George Herbert Heath was born in Tonbridge, Kent, in 1900, the son of Herbert Mission Heath, a cricket ball maker, and his wife Tamar. He studied art at Goldsmith's College, trained as an art teacher at Regent Street Polytechnic, then found a job as a teacher at Teddington Art School. He left about 1930 to become a commercial artist, working through an agency in London.
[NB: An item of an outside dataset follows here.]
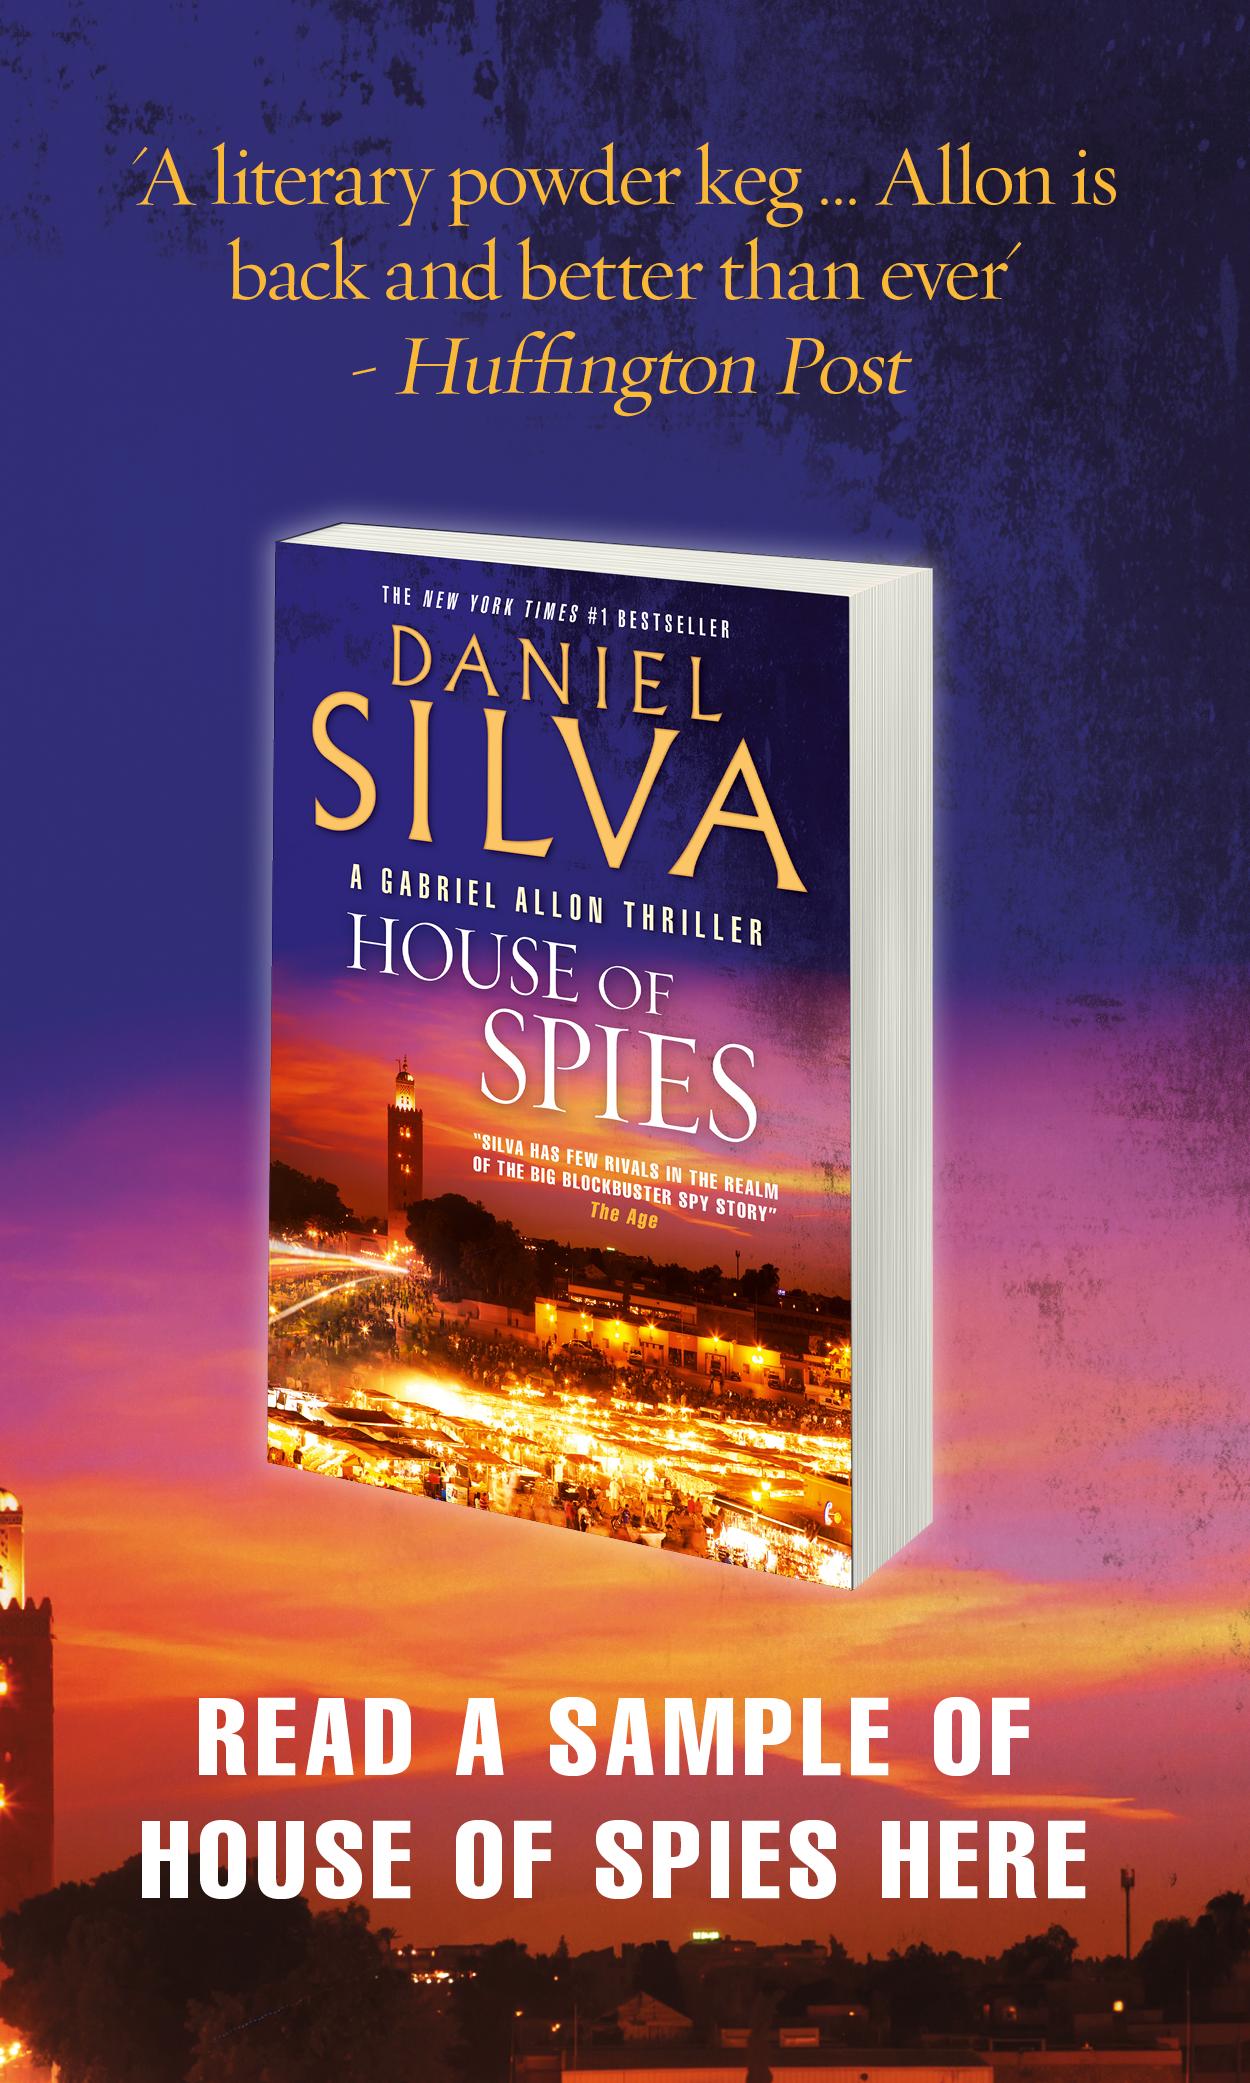 House of Spies Reading, Daniel silva, Best sellers

He started off in the comics and story papers of the Amalgamated Press, providing illustrations for prose stories, and soon started drawing adventure strips for Stan Gooch's titles, usually on the back page, in the early 1930s. He pioneered the use of speech balloons in adventure strips, which traditionally accompanied the pictures with typeset narration. Strips he drew included:

  • "Forest of Fear" (1932) and "The Sacred Eye of Satpura" (1934) for The Funny Wonder
  • "The Young Adventurers" (1932), "Two Little Wanderers" (1934) and "James Cagney" (1936) for Larks
  • "Red Man's Gold" (1934), "Our Funny Newsreel" (1934) and "Cowboy Charlie" (1952) for Jingles
  • "Two True Friends" (1938) for Crackers
  • "Clark Gable" (1938), "Bebe Daniels and Ben Lyon" (1941), "Western Brothers" (1941) and "The Falcon" (1947-61) for Radio Fun
  • "Happy Bob Harriday" (1947-49) and "Rivals of the Spanish Main" (1948) for Tip Top
  • "The Undersea Pirates" (1956), "Jack Warner", "I Vow Vengeance", "Our Tec Teaser", "The House with Red Shutters" and "Family Theatre" for TV Fun
  • "Dogfight Dixon" (1960) and "Spy 13" (1960) for Thriller Picture Library

After "The Falcon" ended in 1961, he was apparently fired by Fleetway Publications, as the AP was know known, and started working for DC Thomson's The Victor and The Hotspur for much less money. Strips he drew for them included:

  • "The Roll-Along Logans" (1962-)
  • "Front Page Ferguson" (1967)
  • "The Rainbow Boys" (1968)

He died in 1968 before he could finish the last of these. His wife was also an illustrator who worked for Picturegoer and Woman's Own, but I have yet to find out her name. His wife's name was Queenie, and she was my aunt. George was always known to us as Henry. Their son, Michael Heath, is a well-known cartoonist who is currently cartoon editor of the Spectator.